_WHAT IS REQUIRED_
Only the lines from the top of the listing below through the line containing "The New Mind Readers by Russell A. Poldrack" should be output, exactly and with no pictures.
[PROVIDED MATERIAL — start]
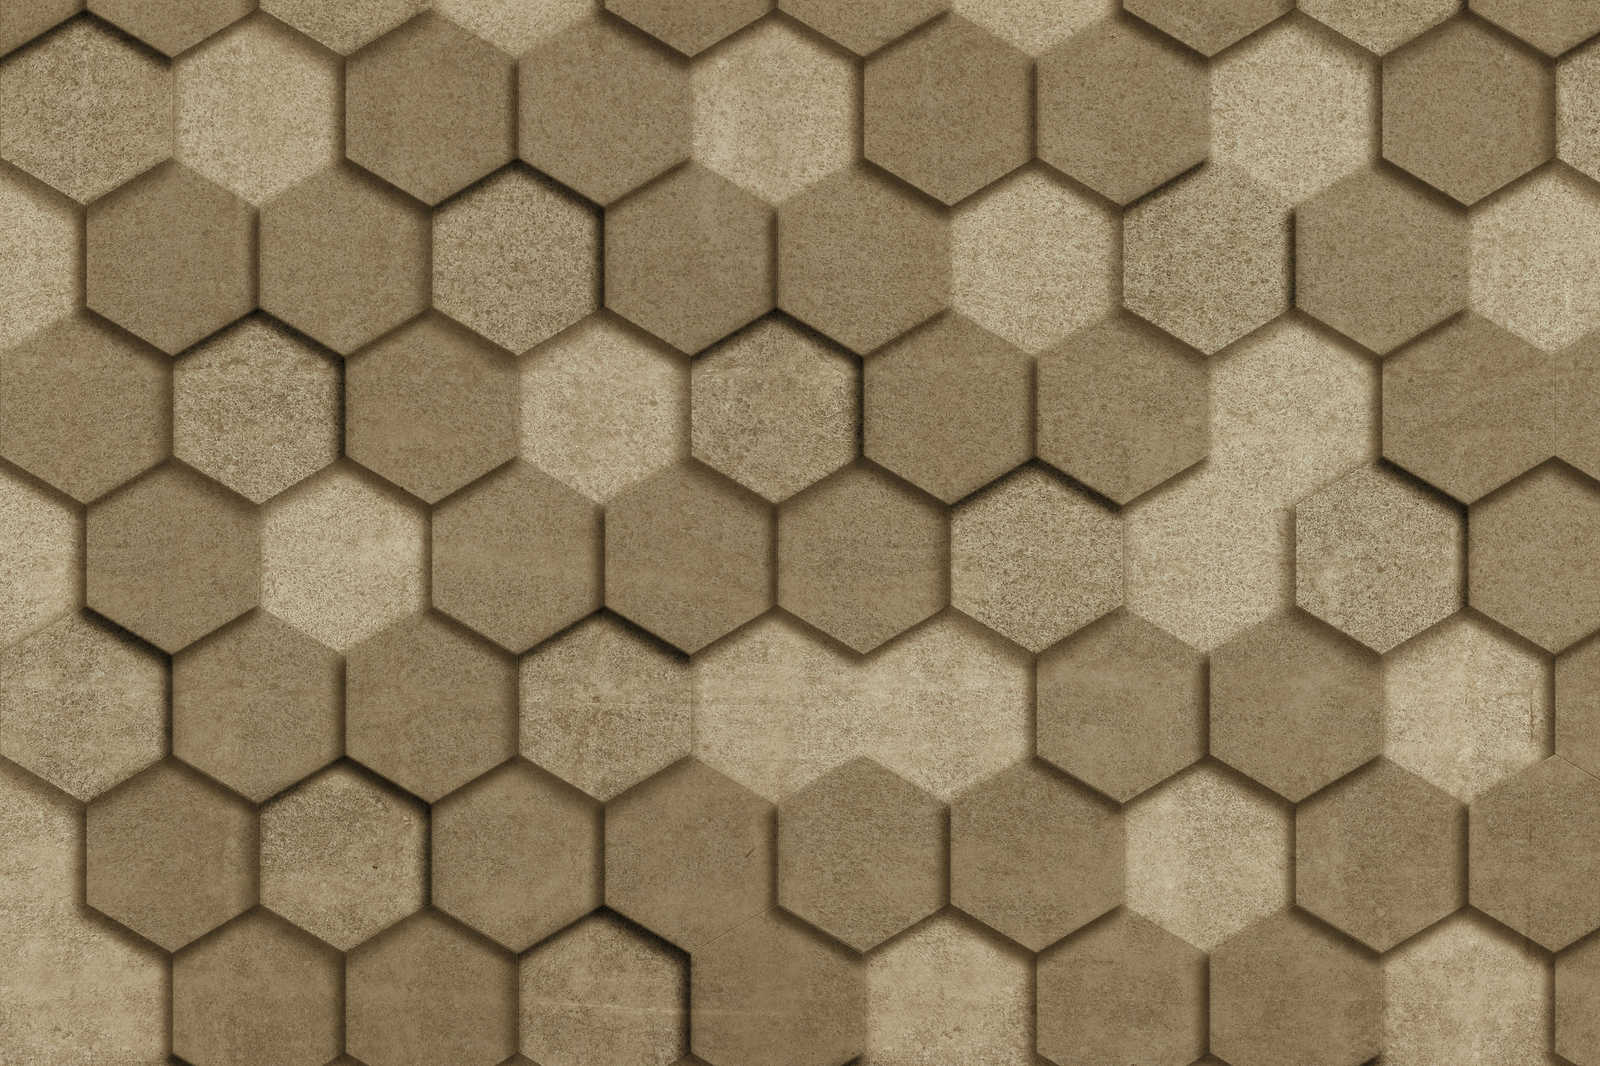             Canvas painting with geometric tiles hexagonal 3D look | gold - 0.90 m x 0.60 m
        
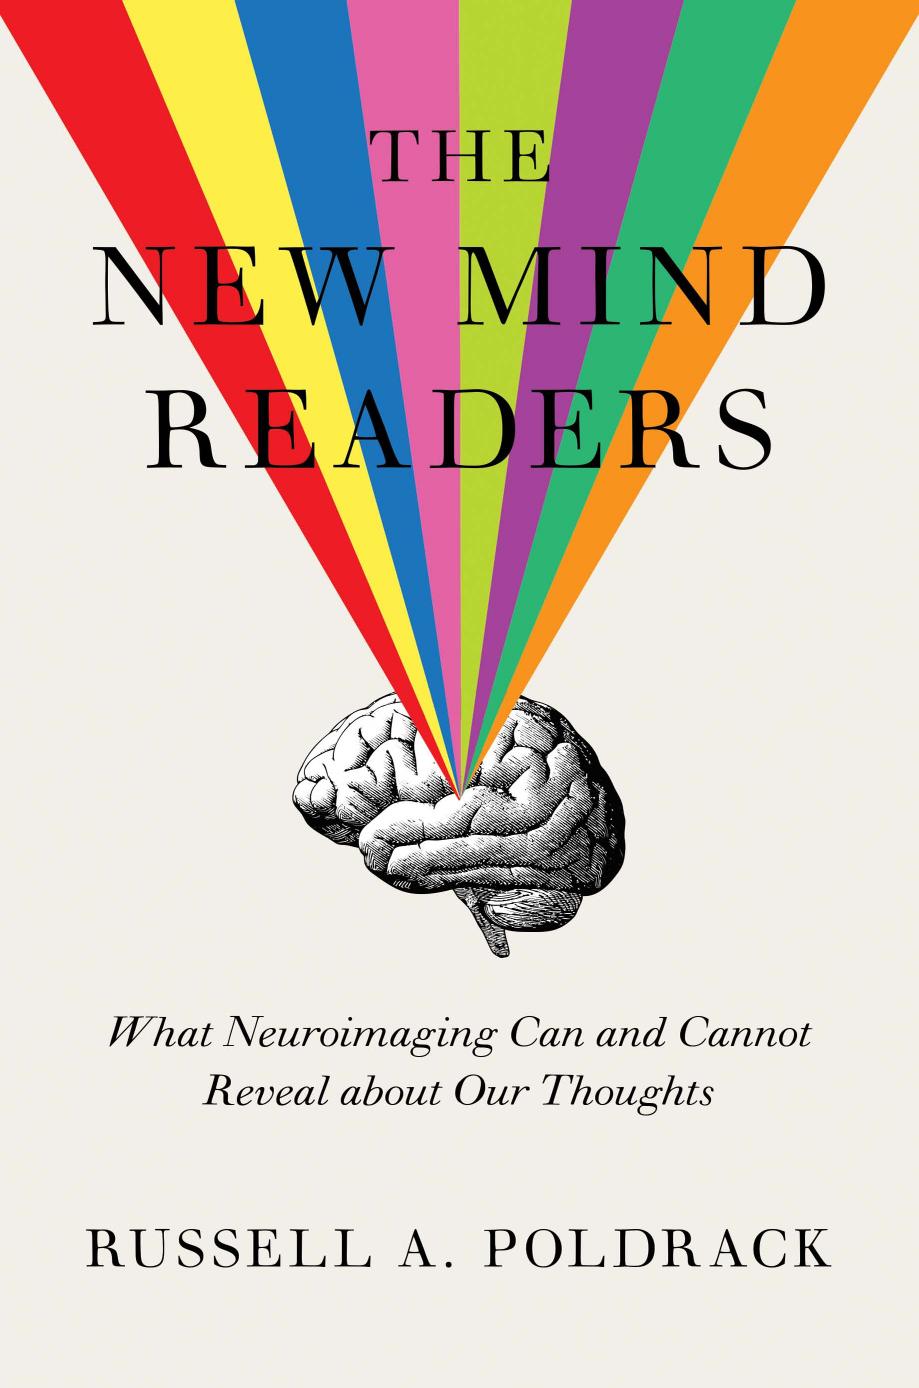 The New Mind Readers by Russell A. Poldrack
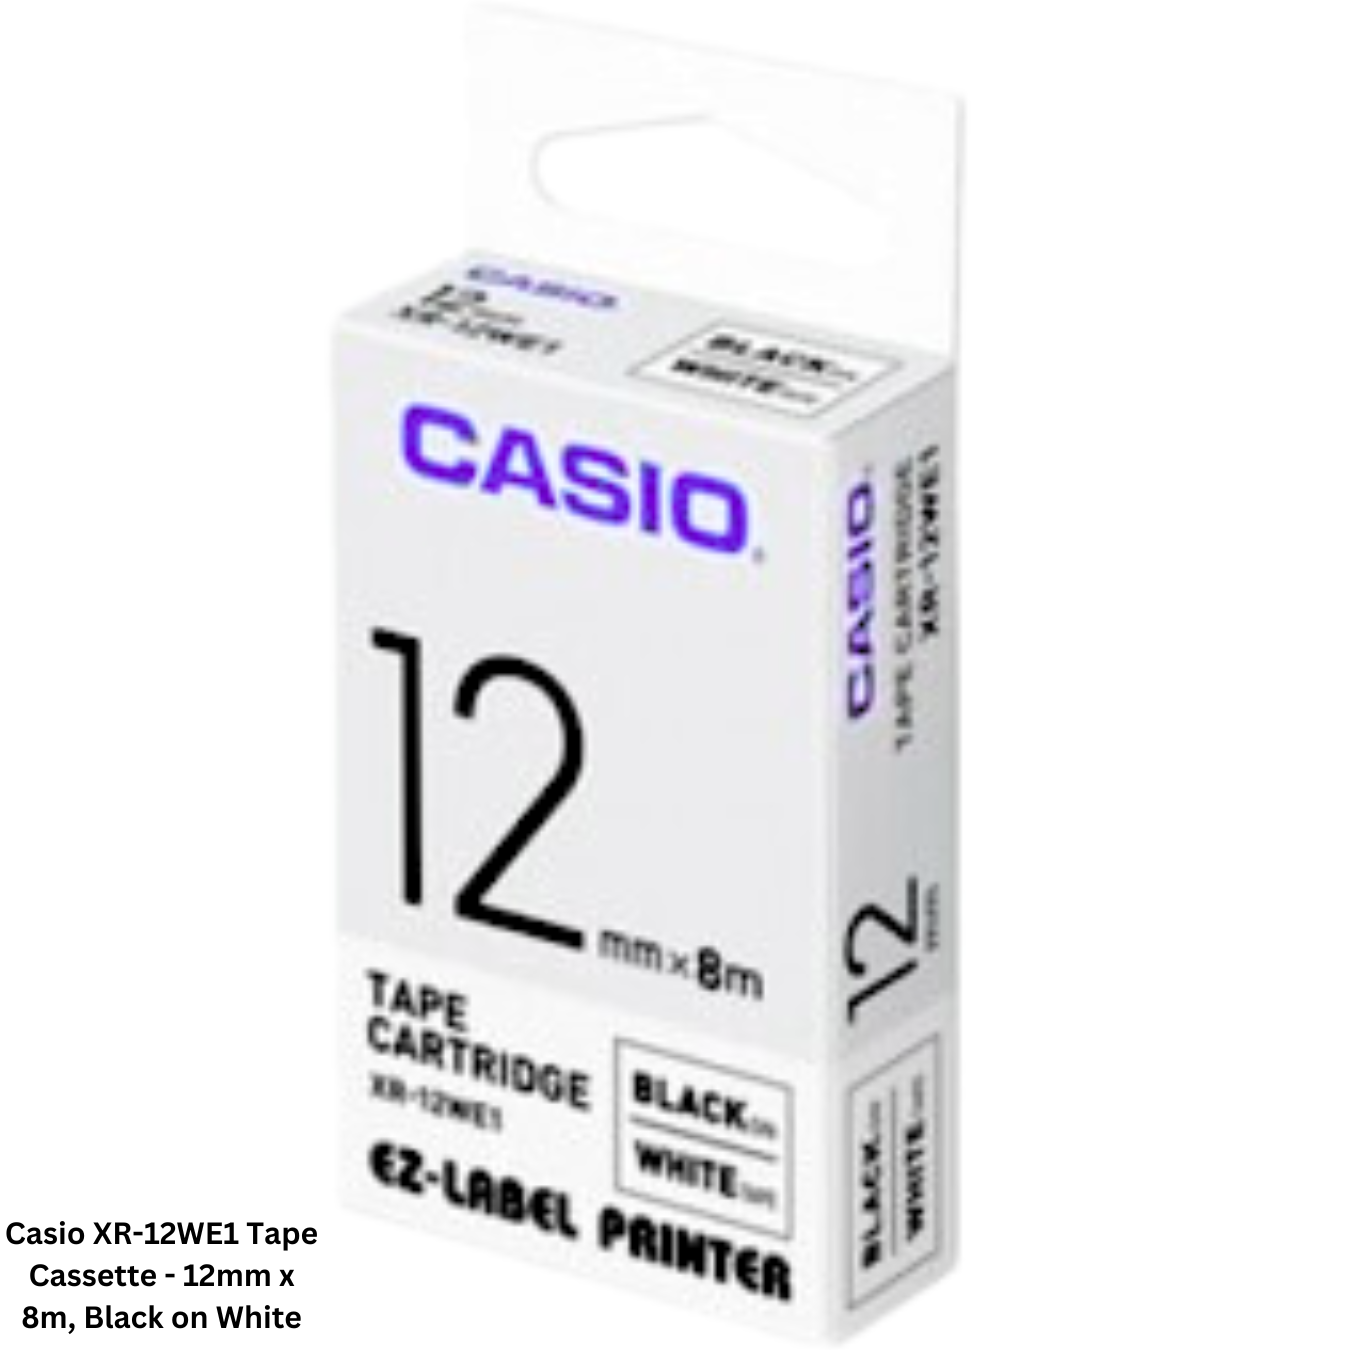 Casio XR-12WE1 Tape Cassette, 12mm x 8m, Black on White. This tape cassette by Casio is designed for use in label printers, offering clear and durable labeling for various applications
[PROVIDED MATERIAL — finish]
_RESULT BELOW_
             Canvas painting with geometric tiles hexagonal 3D look | gold - 0.90 m x 0.60 m
        
 The New Mind Readers by Russell A. Poldrack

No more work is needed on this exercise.